Task directions: In the material below, print every line exactly and omit the pictures.

Dataset section:
╔══

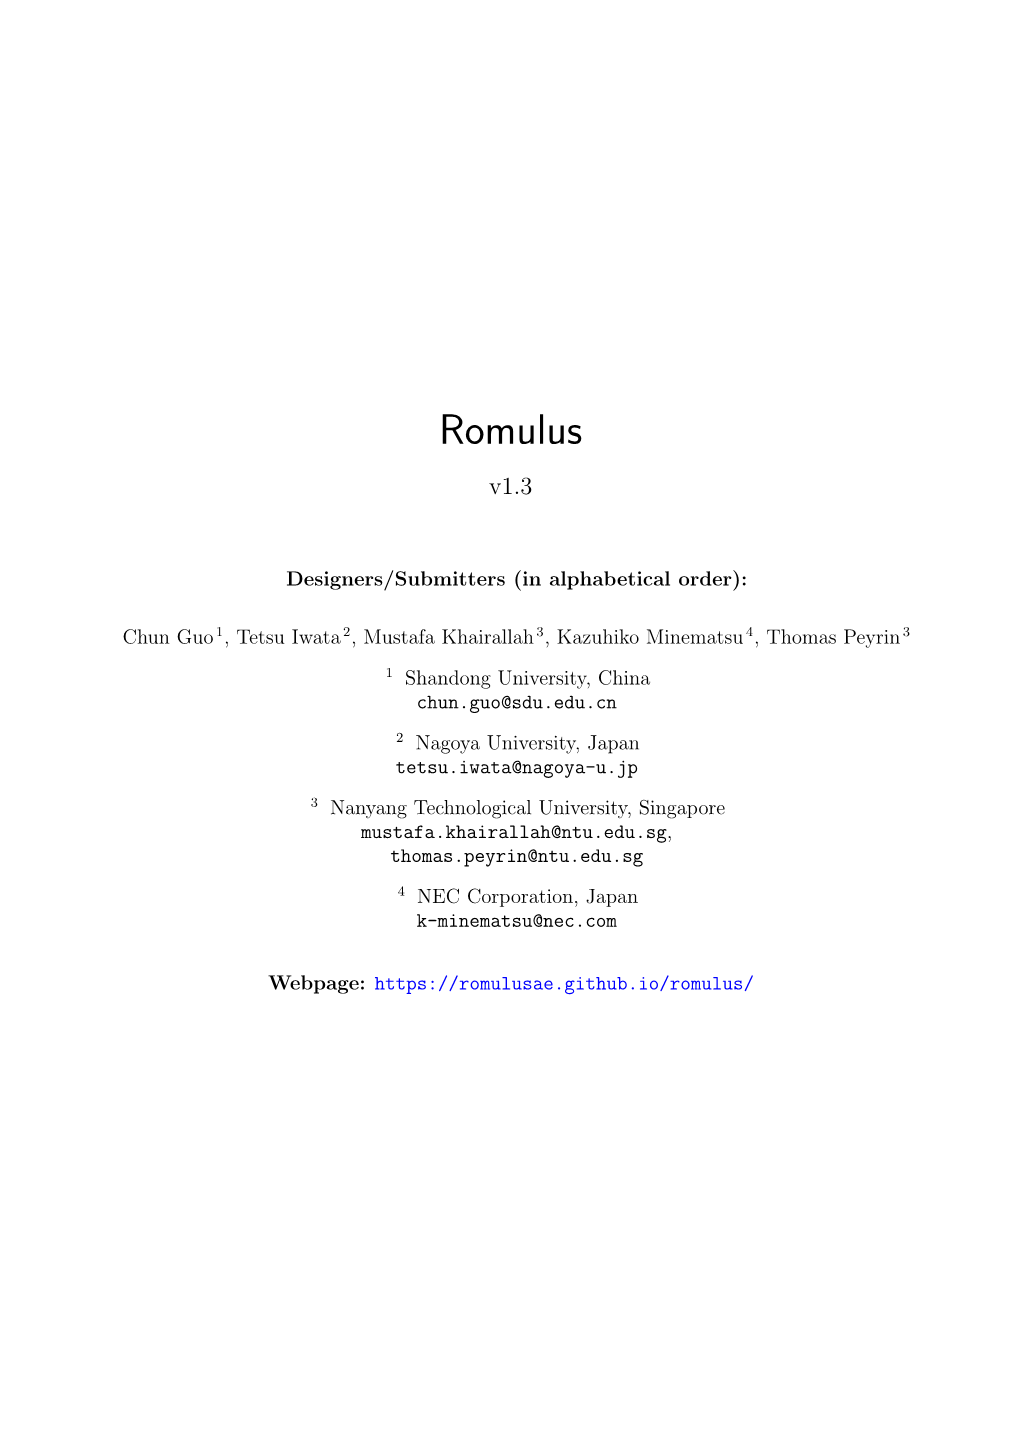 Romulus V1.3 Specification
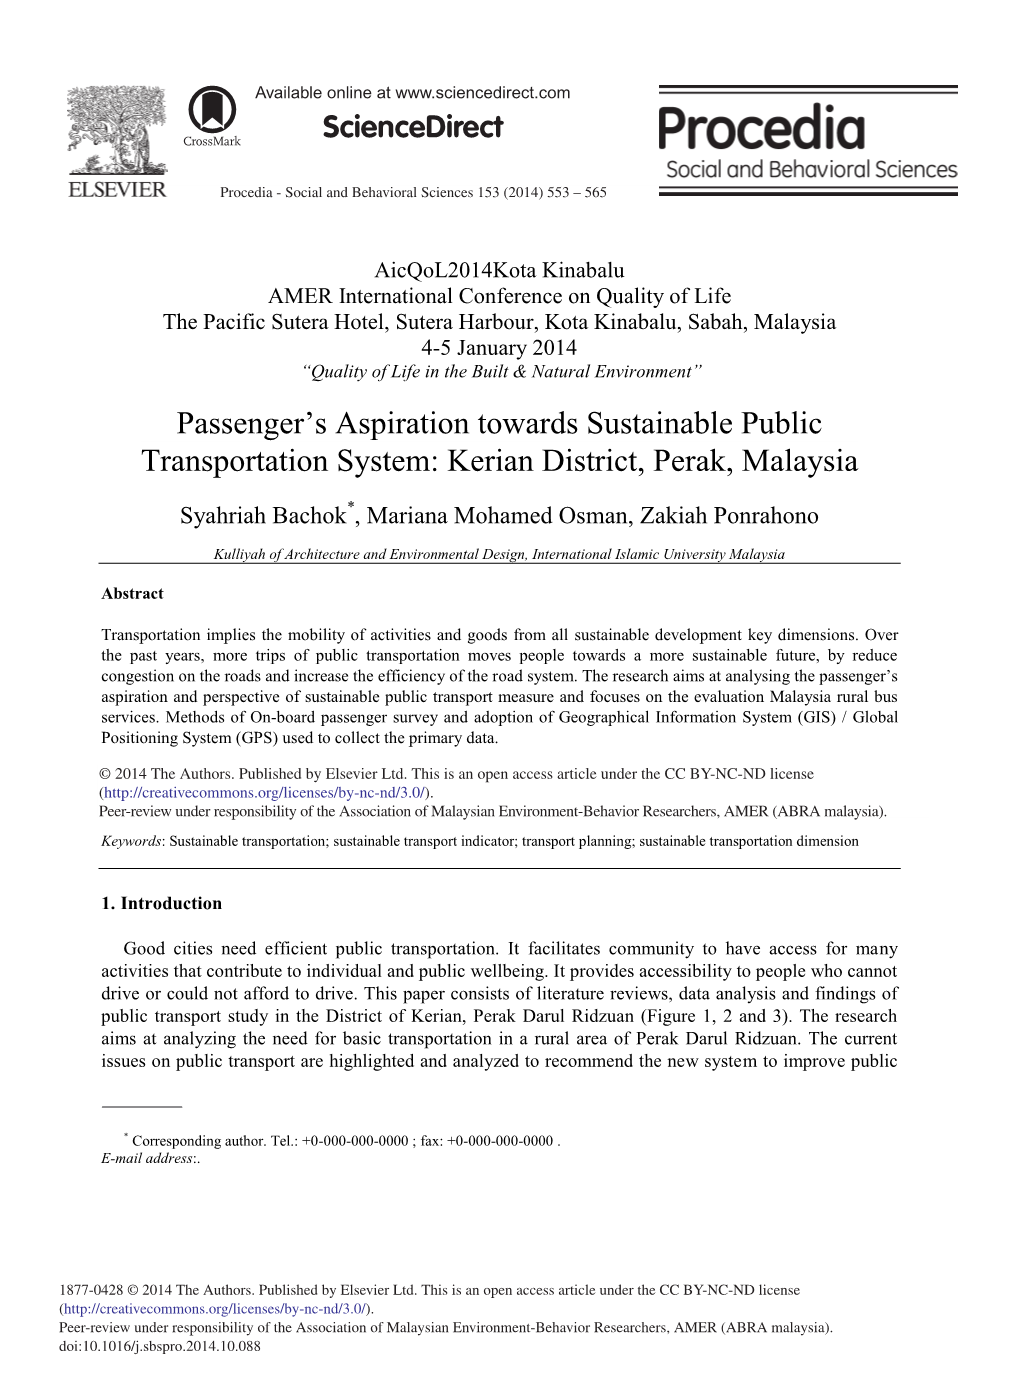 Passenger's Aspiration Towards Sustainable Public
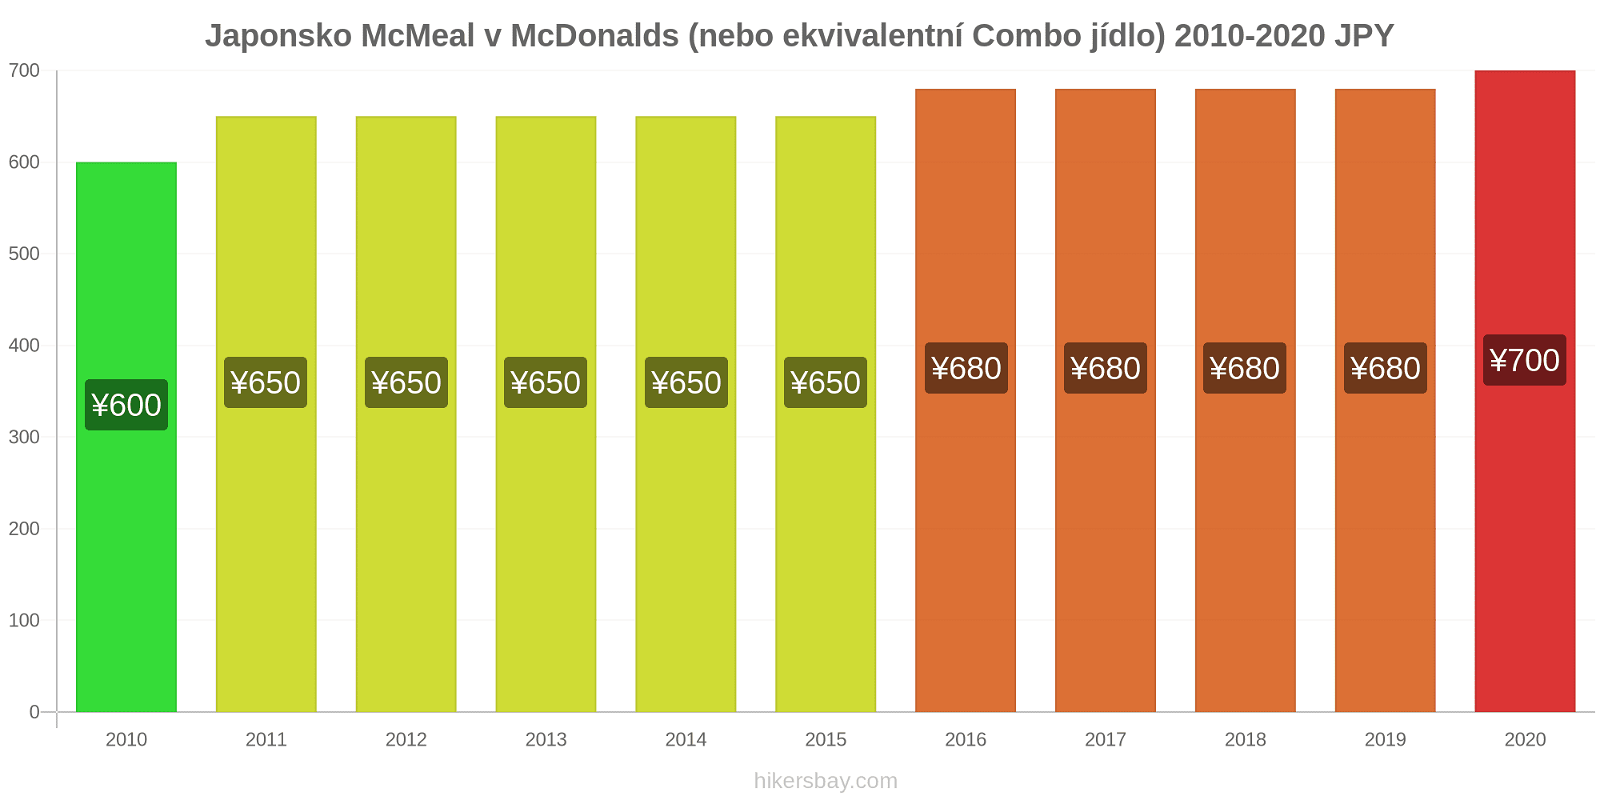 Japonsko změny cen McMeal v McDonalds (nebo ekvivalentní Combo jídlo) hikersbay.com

╚══

Exercise answer:
 Romulus V1.3 Specification
 Passenger's Aspiration Towards Sustainable Public
 Japonsko změny cen McMeal v McDonalds (nebo ekvivalentní Combo jídlo) hikersbay.com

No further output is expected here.